Thursday, February 14, 2013

Gig: Quest For Fire

Quest For Fire (Shooting Guns / Holy Mount)

The Silver Dollar Room. Friday, July 15, 2011.

As I think I've said before, I've never been especially partial to straight-up metal. But add something hyphenated in front of it — especially "sludge" — and it's closer to my zone. There's just something I like in using the slow drone of creeping heaviosity as an alternate route to psychedelic bliss.

That'd be enough to draw me out for a Friday night that might be a bit tangential to my normal fare, but it was pretty quiet in the room as Holy Mount led off the night. Their evolution took them ever-closer to a pure, elemental primordial tar pit of sound, their ultimate three-piece configuration (with Brandon McKenzie on bass, Troy Legree on drums, and Danijel Losic on guit) really honing in on a befitting terrain of heaviosity.

Featuring lyrics pitched somewhere between suburbia and Ragnarök (see, respectively, "Meadowvale" and "Garm of Hounds"), Losic's workmanlike vox never upstaged the effortless muscular crunch, and even if they didn't offer much in the way of presentation, it meant there was less to distract from the tasty presentation of songs like "Breeze Blows West". This time out, they were playing a slightly-longer set than I'd seen from 'em before, but given their preferred speed, that still only meant seven songs in forty minutes, presented without deadtime in between — or much in the way of chatter, besides reminding the crowd to check out their 7".1

Listen to a track from this set here.

I didn't know anything about out-of-towners Shooting Guns, but from their first sludgy riff from their Gibson SG's (Satan's own guitar) I could tell the Saskatoon quintet would fit right into the night. The band would subsequently get some Polaris attention for their then just-released Born To Deal In Magic: 1952-1976, but even as they were making their first foray across the country, they had a few enthusiasts on hand.
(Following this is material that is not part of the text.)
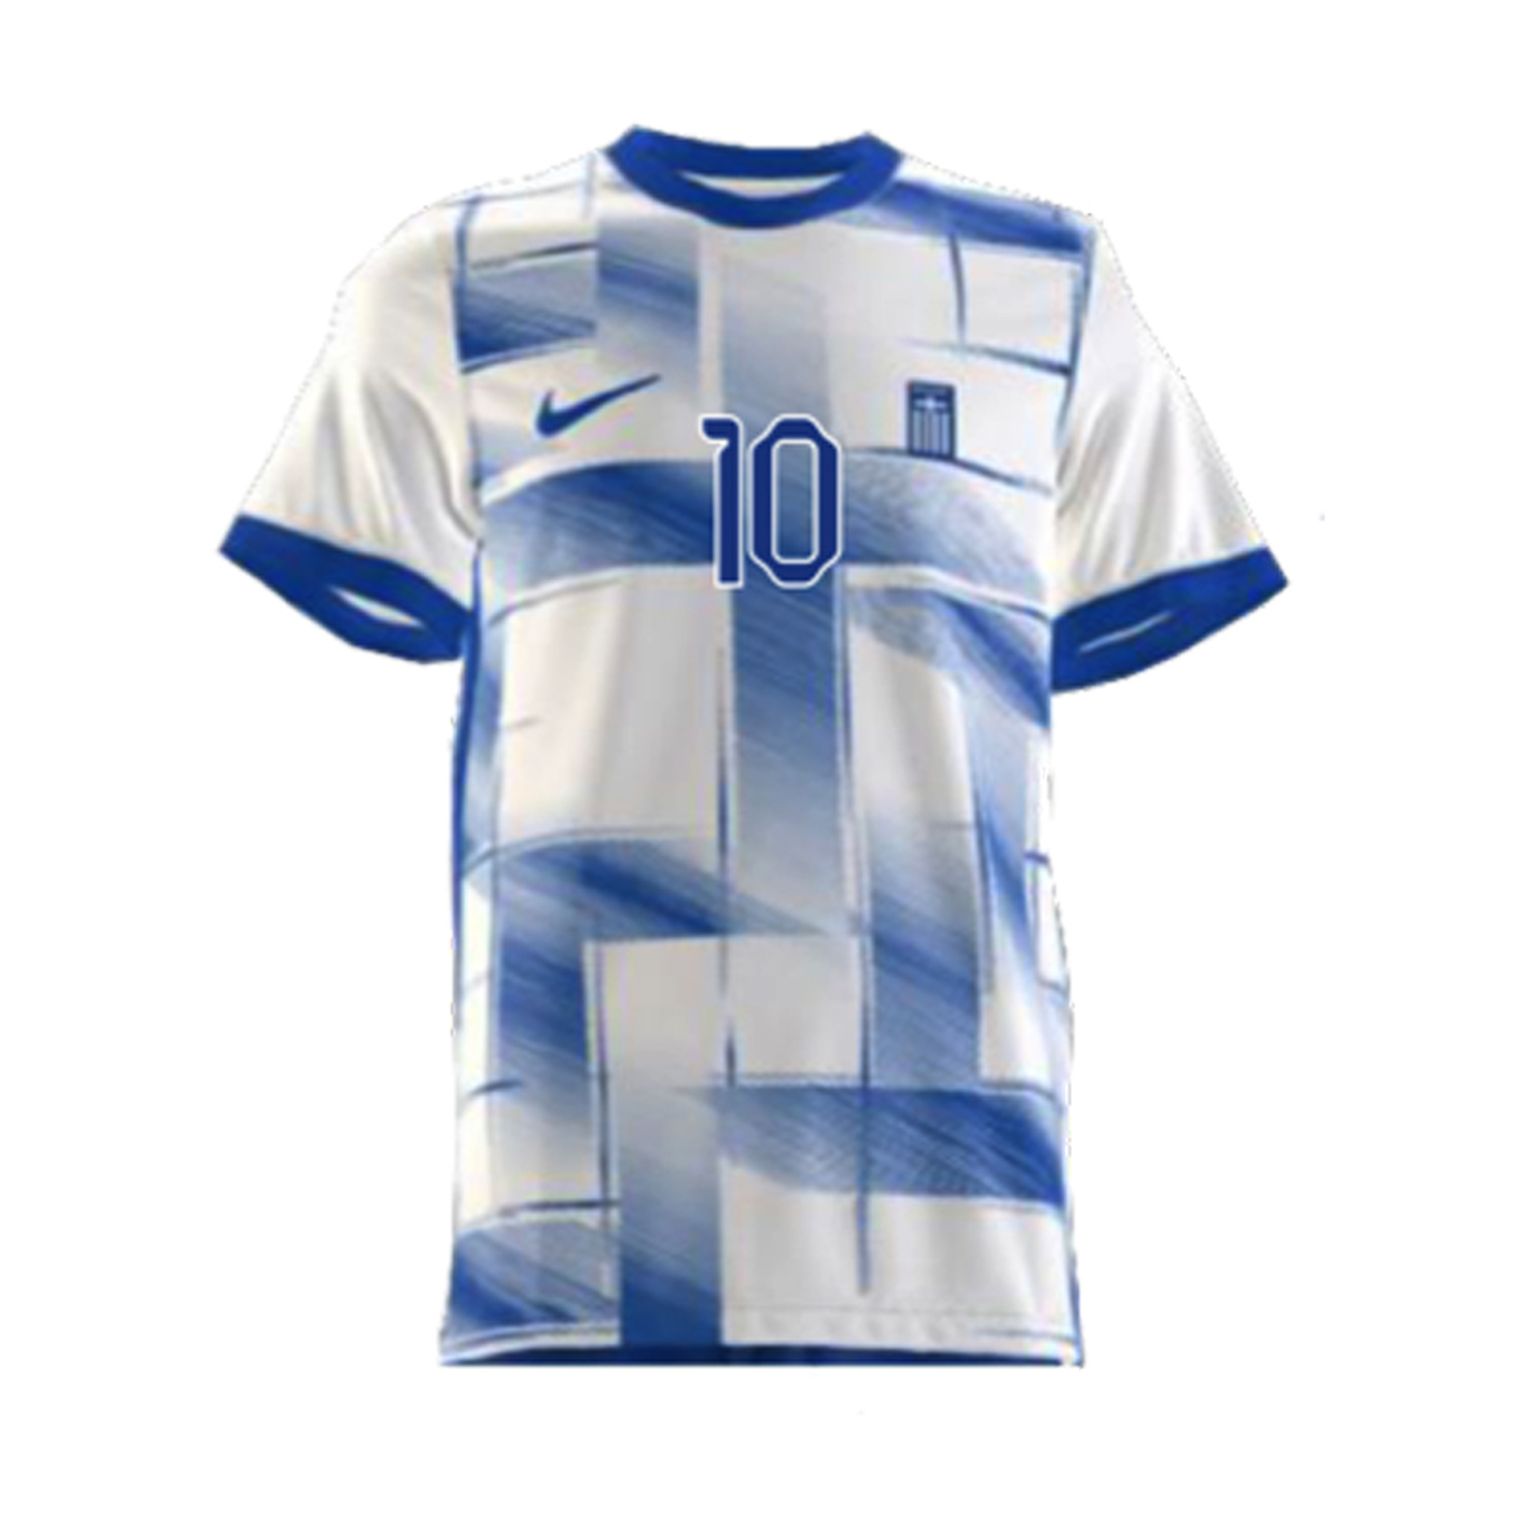 Новые футболки сборной Греции по футболу вызвали скандал.

Stereotypes are a terrible thing, but I must confess that, at some level, the band played right into my preconceived notions about Saskatchewan. Which is to say that this crew — some with beards, some with long hair, and some with beards and long hair — looked like they could have bonded while hotknifing after a fight in a parking lot. But that's probably a narrow view to take of a whole province.

The set opened with "Sky High & Blind", a grinding instrumental heavy enough to curdle your Vi-Co — and it slowly become apparent that that was the band's predominant mode. "Harmonic Steppenwolf", another song here, could act as a genre tag or statement of purpose. Without vocals, the riffs sometimes blurred together from one song to the next, but the songs usually managed to have unique sonic personalities. "Cheater's Justice", the last one in the set, came with with a cymbal-riding groove and shimmering keyboard line that approached, say, Moon Duo. Steven Reed's double-decker keybs set the five-piece apart and added a bit of a cosmic edge — rarely playing melodically, their function was sort of phased-out whitenoise wheedling underneath the grind, biting and hissing like a prairie wind on a minus forty winter day.

Listen to a track from this set here.

Another band whose members were sporting long hair, beards, or both, it was surprising to hear Quest For Fire singer/guitarist Chad Ross note that this was the band's first time playing the Dollar. And, given their fairly large fanbase, it was even more surprising to observe that they were playing to a half-filled room on a Friday night.

After the slow lurch of opener "Sessions of Light", the band switched over to their faster gear for a couple songs (including "Bison Eyes") before really settling back in at their optimal speed with "Hawk That Hunts the Walking". As they wandered into "The Greatest Hits By God" — arguably their best song — I suddenly felt like I'd found a Golden Ticket for a lifetime supply of cough syrup. I was so relaxed that a few minutes later I realized I was almost drooling on myself. I don't know the details of the physics behind it, but I'm given to understand that something this gravitationally heavy has a propensity to dilate time in its immediate area, manifesting in a sort of blissed-out state where the forty-five minute set (just enough to tackle seven songs) felt like it passed in a mere thousand light-years or so. They actually came back to encore with "Strange Waves", wherein Mike Maxymuik's floor tom tumbled over, but they managed to ooze through it with no more damage than flowing lava leaves on a mountainside.2

Listen to a track from this set here.


1 Holy Mount have since disbanded. Losic is now playing with a new unit called Surinam, which features members of Anagram and Town Ship. They'll be opening up at tomorrow's QFF show.

2 Quest For Fire have recently announced their dissolution. Their last gig will be tomorrow (February 15, 2013) at The Horseshoe.